Das Objekt wurde zunächst von M. Étienne 2009 in einem Ausstellungskatalog beschrieben, daraufhin von L. Coulon im Jahr 2013 auf einer Tagung kommentiert (Text erst 2021 gedruckt). Durch Coulon auf die Statuette aufmerksam geworden, publizierte Quack 2018 die Statuette mit Fotos, synoptischer Textedition, Übersetzung und Kommentar.

Editionen

- Quack 2018: J. F. Quack, Eine magische Stele aus dem Badischen Landesmuseum Karlsruhe (Inv. H 1049), Schriften der Philosophisch-historischen Klasse der Heidelberger Akademie der Wissenschaften 58 (Heidelberg 2018), 48–50, 57–58, 101–104, 131–136 (= Abb. 11–16).

Literatur zu den Metadaten

- Coulon 2021: L. Coulon, Objets, textes et contextes. Réflexions sur la reconstruction des rites osiriennes à Karnak, in: J. F. Quack – D. Luft (Hrsg.), Schrift und Material. Praktische Verwendung religiöser Text- und Bildträger als Artefakte im Alten Ägypten, Orientalische Religionen in der Antike 41 (Tübingen 2021), 167–183, hier: 172–173.

- Étienne 2009: M. Étienne, in: M. Étienne (Hrsg.), Les portes du ciel. Visions du monde dans l’Égypte ancienne (Paris 2009), 181, Nr. 158.

- Gasse 2004: A. Gasse, Les stèles d’Horus sur les crocodiles (Paris 2004).

- Thiers 2020: C. Thiers, Apotropaia : repousser Apophis à Ermant, in: Bulletin de l'Institut français d'archéologie orientale 120, 2020, 393–410, hier: 404, Anm. 31; 405, Anm. 39.

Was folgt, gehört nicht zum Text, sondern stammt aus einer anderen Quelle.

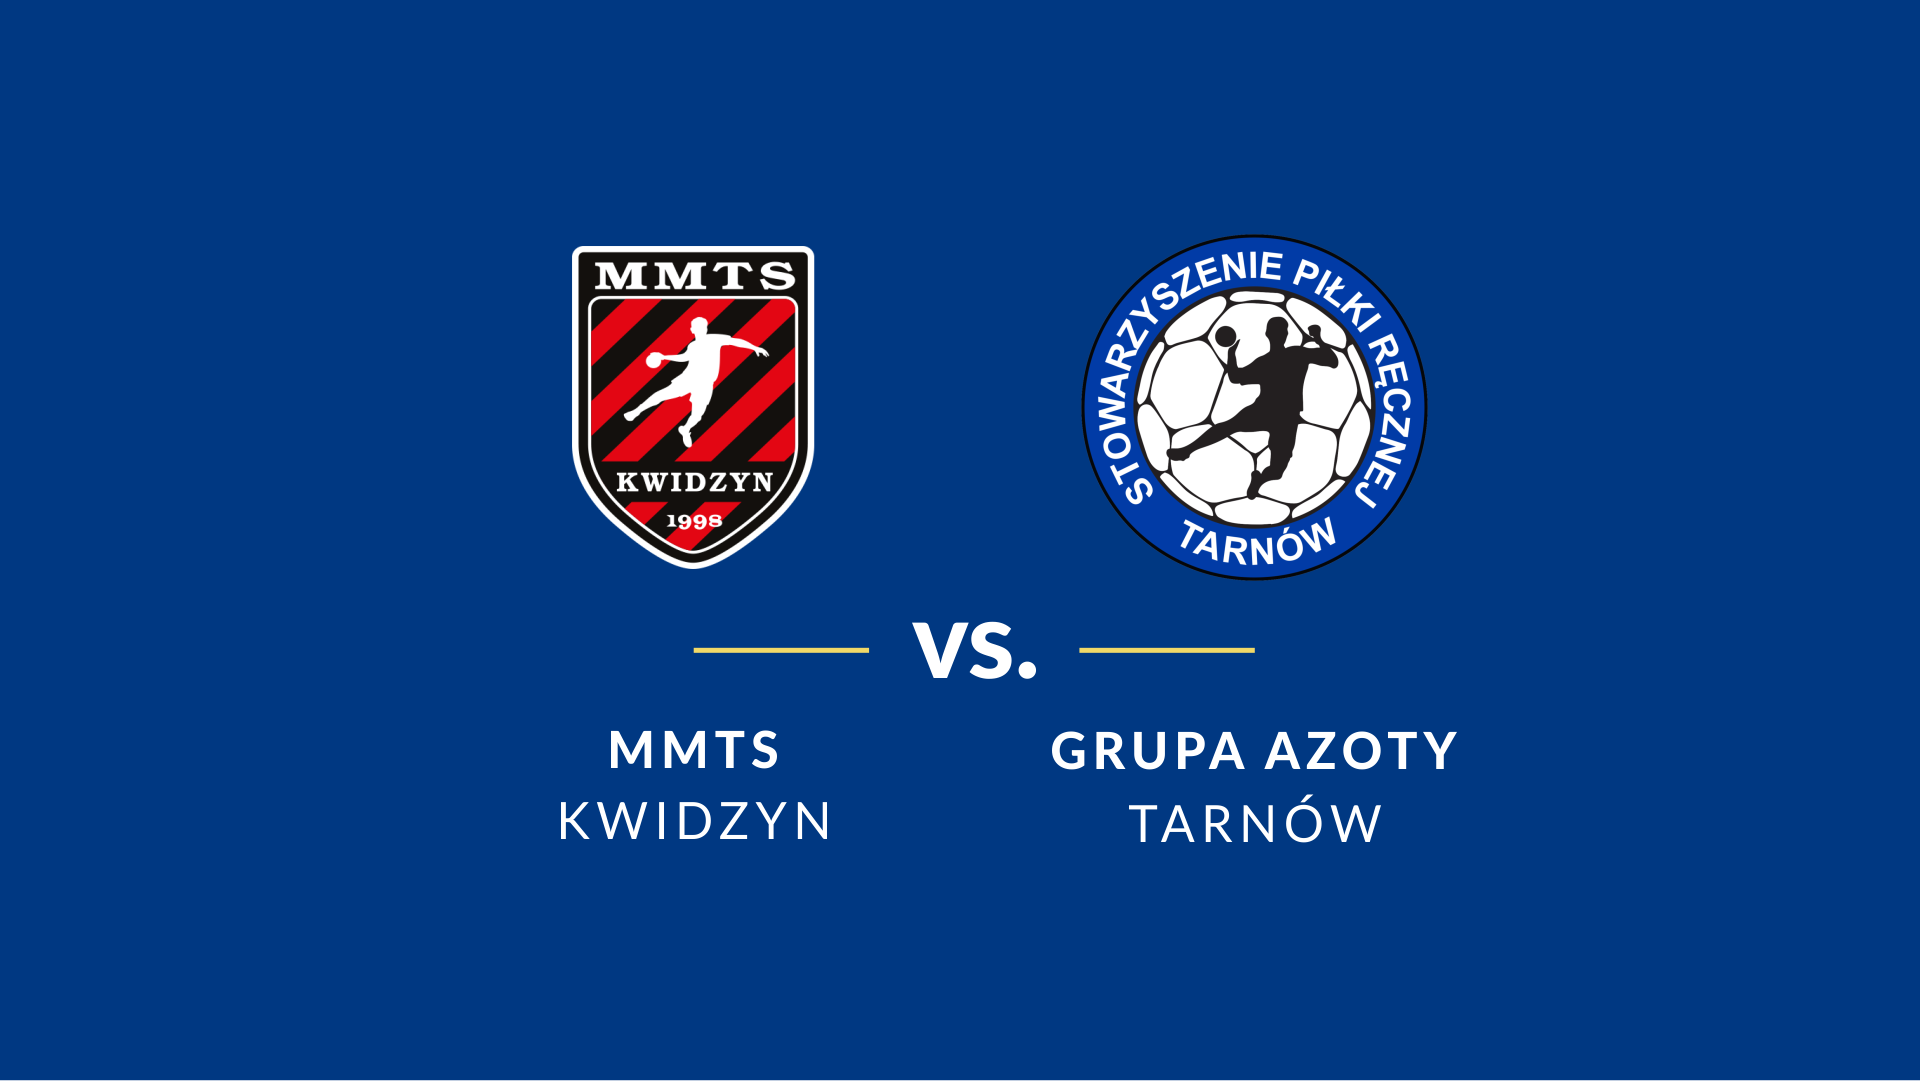 baner - logotypy Grupa Azoty Tarnów i MMTS Kwidzyn

Eine vollständige Bibliographie finden Sie hier.

Online-Ressourcen
Autoren
Prof. Dr. Joachim Friedrich Quack
Mitwirkende
Dr. Peter Dils

Übersetzung und Kommentar

Spruch gegen Apophis

[1] Worte zu sprechen durch Isis, die Große, die Gottesmutter, das Auge des Re, die Herrin des Himmels, die Fürstin aller Götter der Unterwelt (?)1.
Möge sie geben Leben, Heil, Gesundheit und eine lange Lebenszeit täglich (?).
Fall auf dein Gesicht, (oh) Apophis!
[5] Weiche zurück, (du) Feind, (du) Rebell, der ohne Arme und ohne Beine ist! Chentienirti (?) hat (sie) abgeschnitten (?).
Auf dein Gesicht, ja du! Fall hin!
...?..., auf dein Gesicht, ja du! Fall hin! Du bist gefällt (?)!
Er hat dich gefällt, (genauer gesagt) sein Auge.
Du bist gefallen [10] wegen des Feuers, das aus seiner (des Auges) Glut und seiner (des Gottes?) 〈〈Glut〉〉 hervorgeht.

1 ḥnw.t nṯr.w nb.w dwꜣ.t: Quack 2018, 50 mit Anm. 112 erwägt die Lesung ḥnw.t nṯr.w nb.w dwꜣ.t: „die Herrscherin aller Götter der Unterwelt“, aber diese Phrase ist nicht in LGG V, 191 verzeichnet, während ḥnw.t nṯr.w nb.w üblich ist.